Task statement:
Where the data below contains pictures, omit them; output the rest word for word.

Data provided:
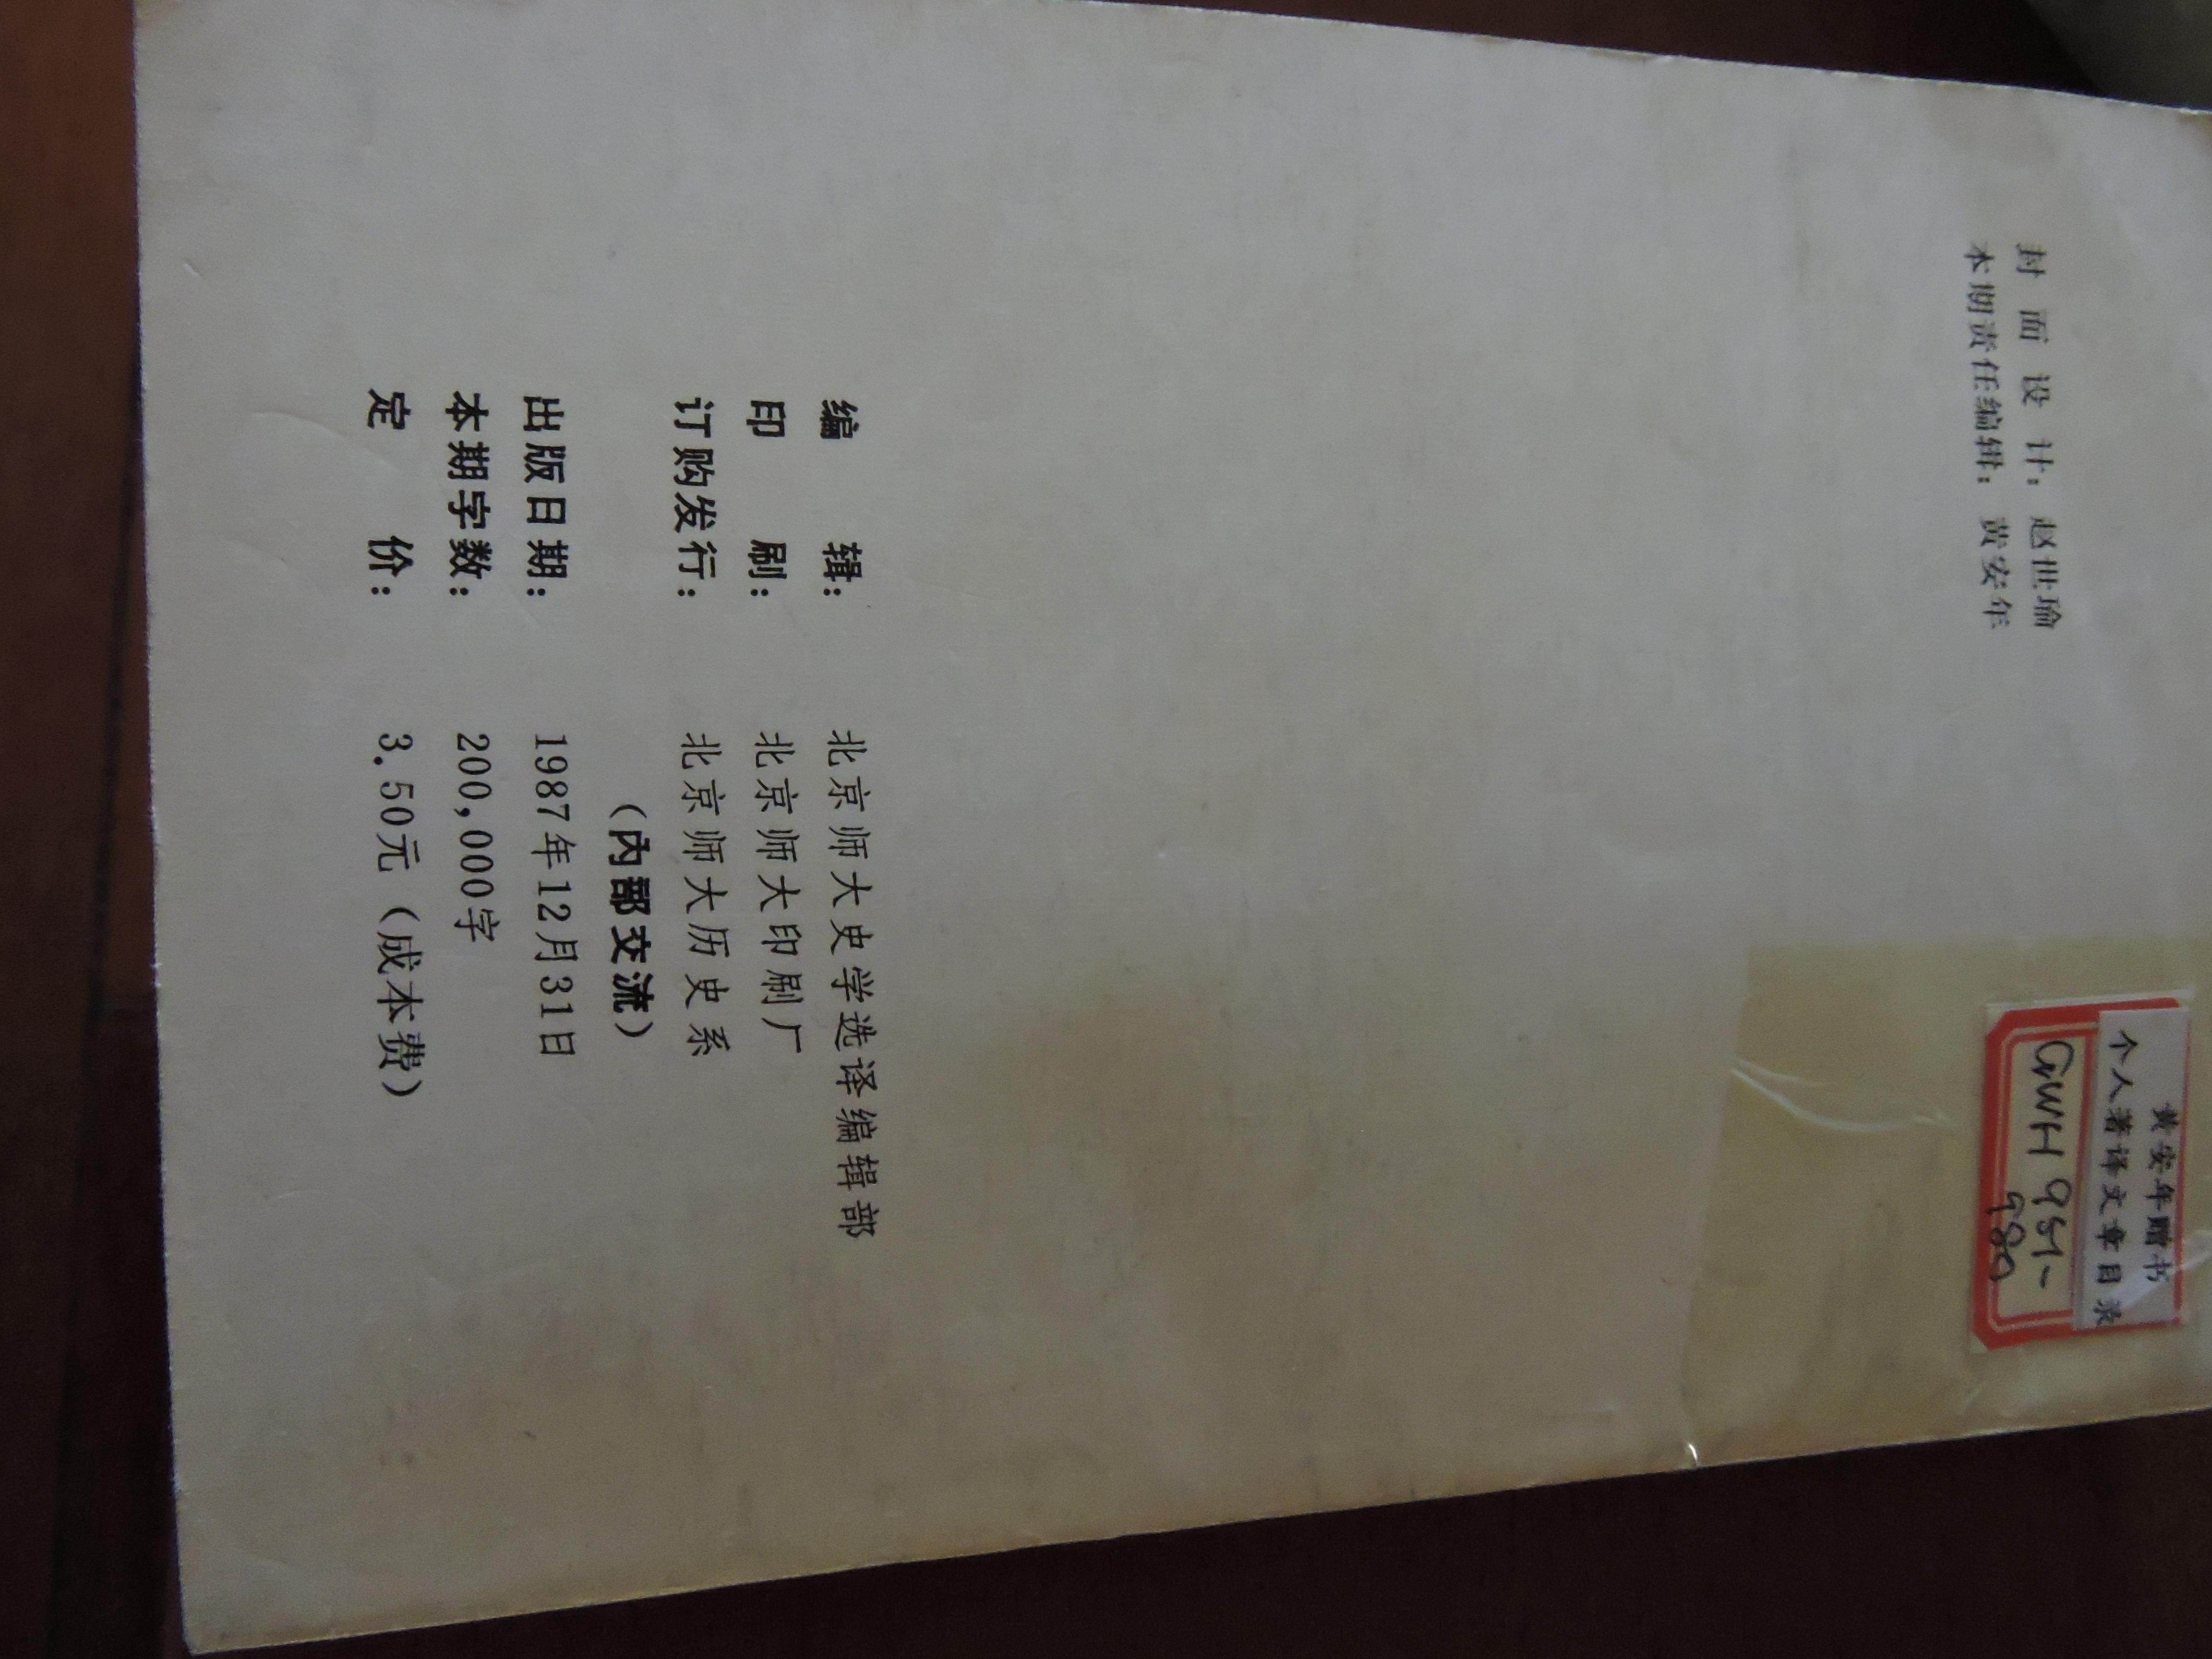 DSCN8639 - Copy.JPG
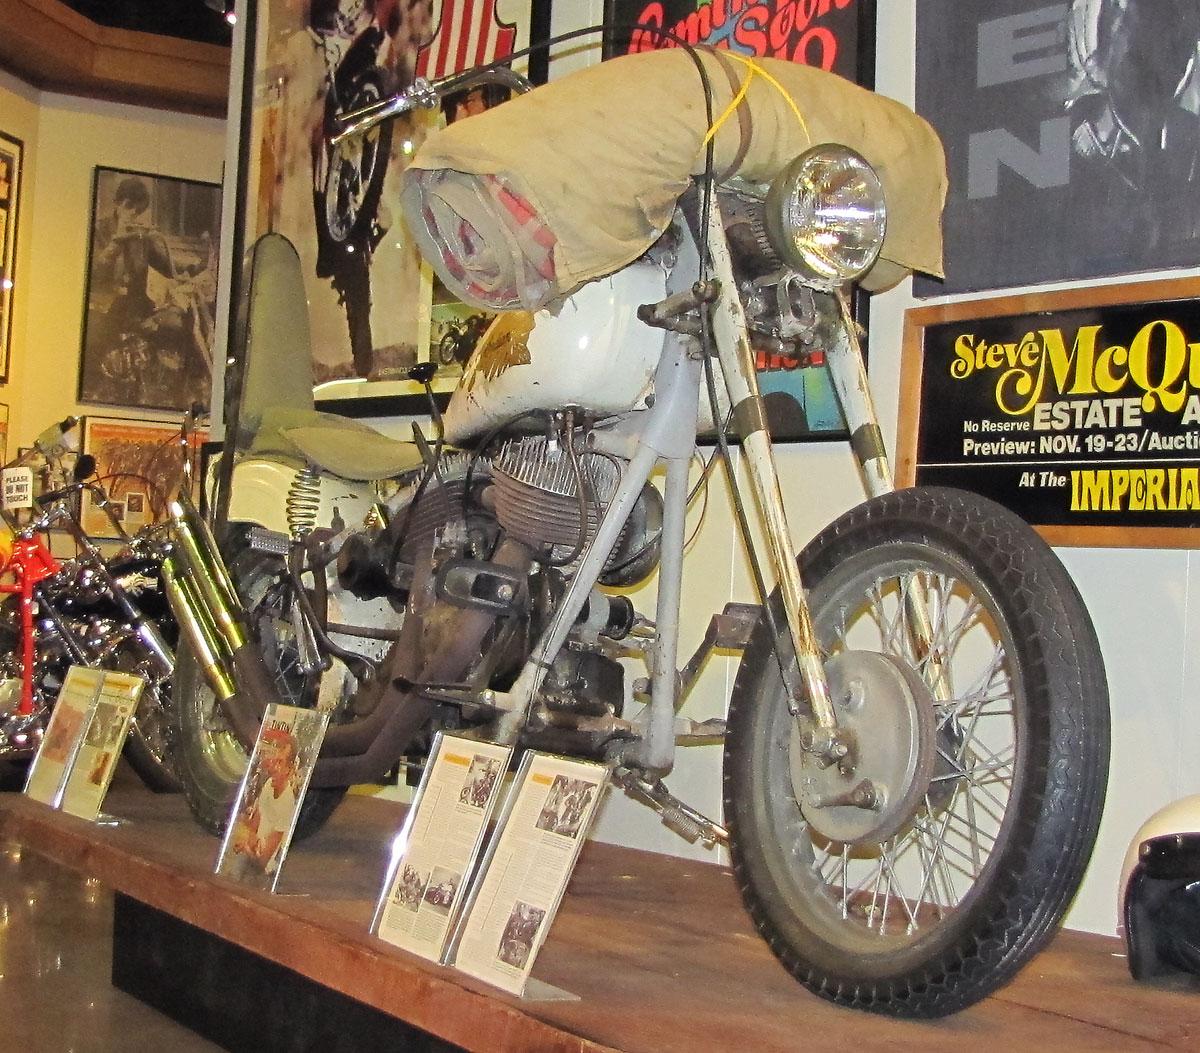 1947-Indian-steve-mcqueen_4
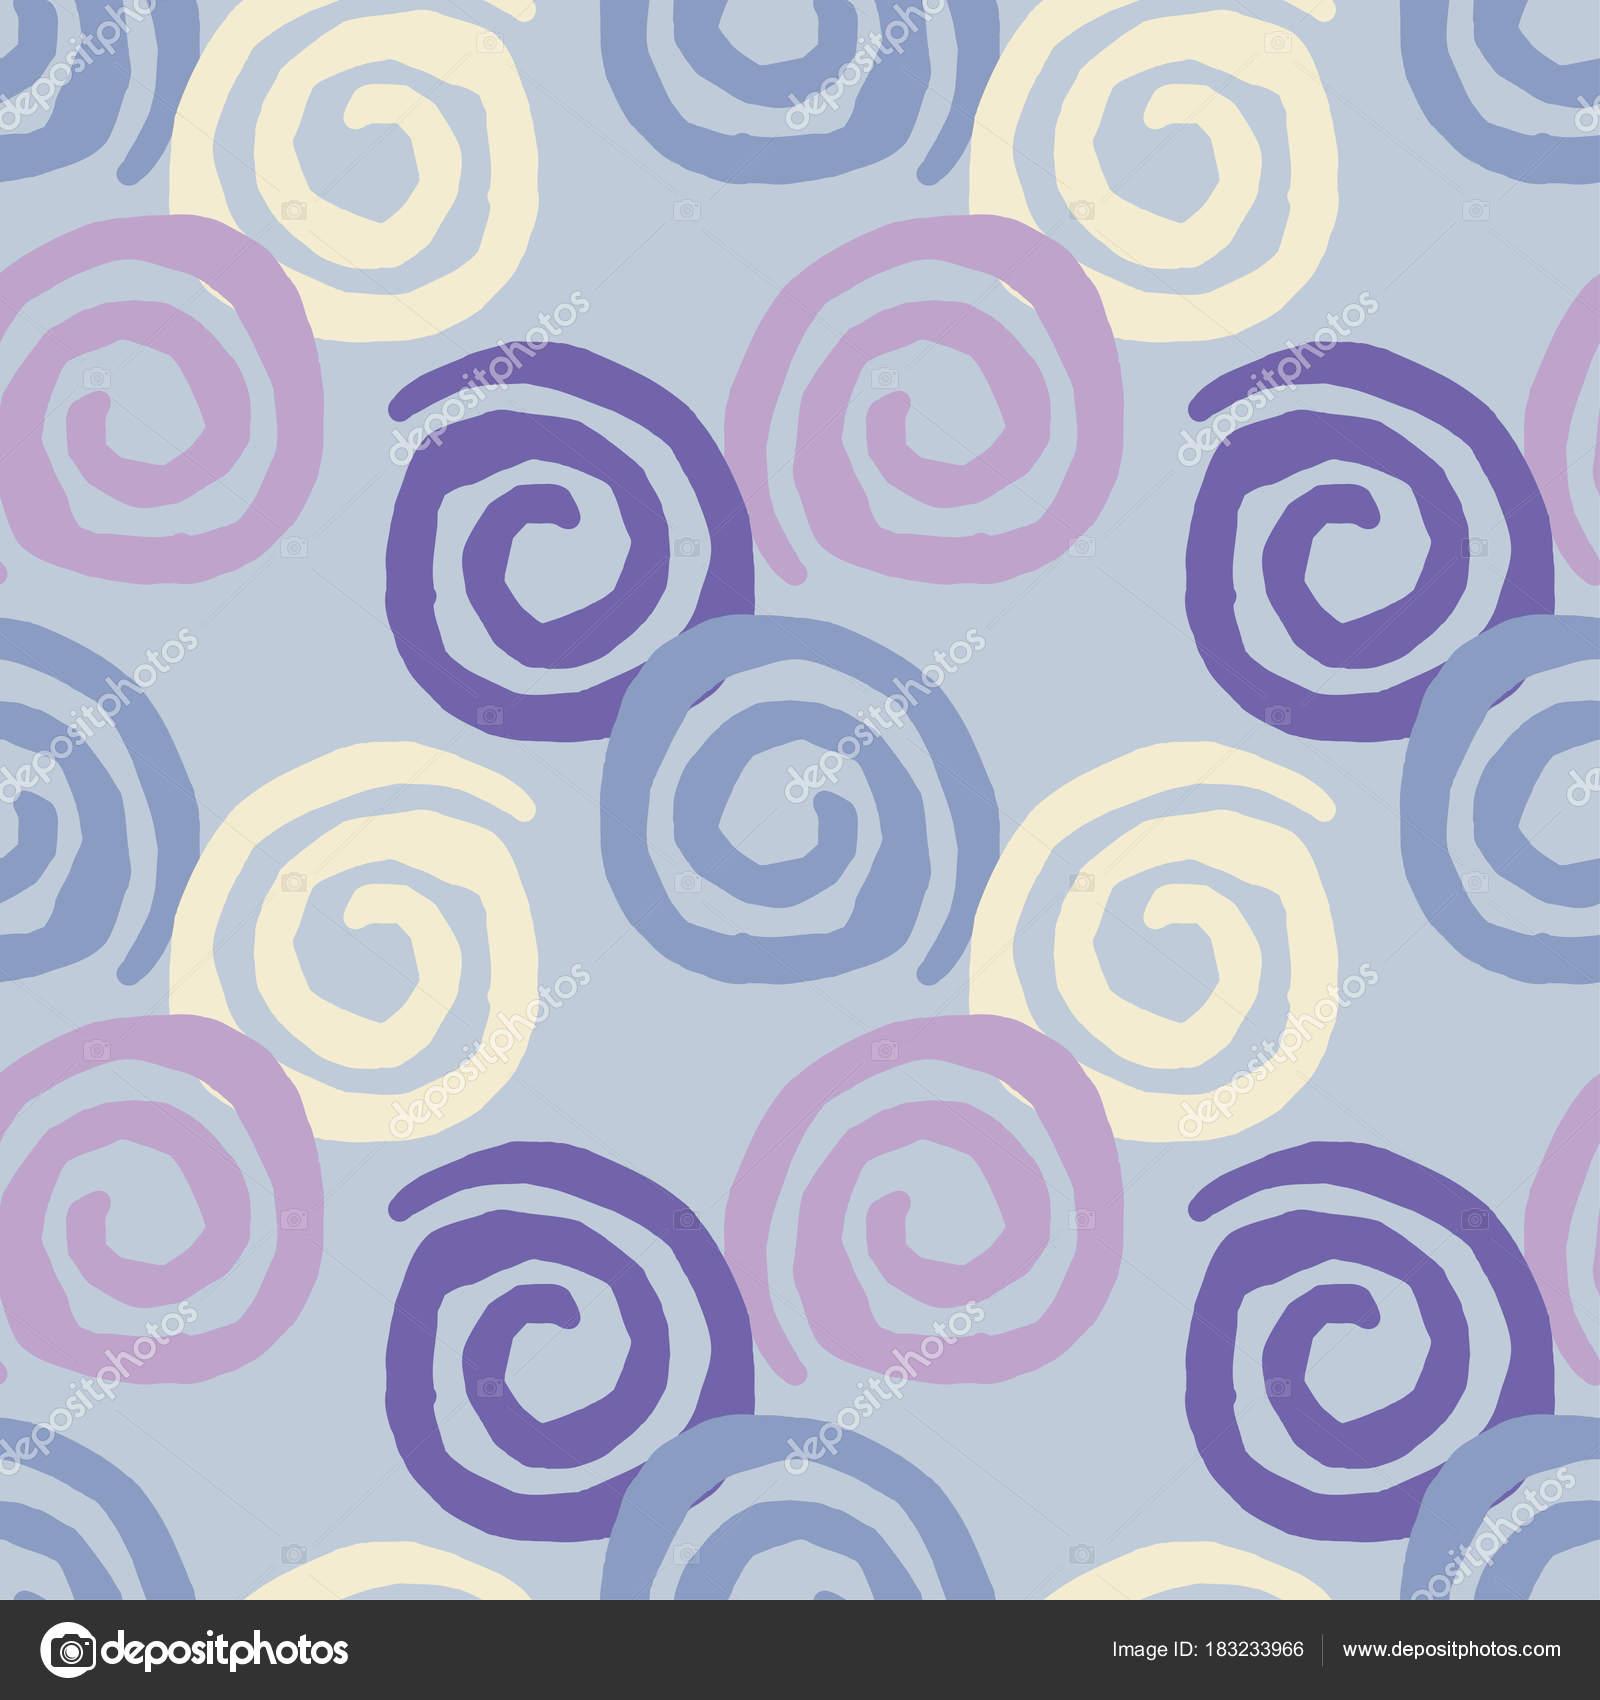 Download Gratuito Texture Disegni Semplici

Response:
 DSCN8639 - Copy.JPG
 1947-Indian-steve-mcqueen_4
 Download Gratuito Texture Disegni Semplici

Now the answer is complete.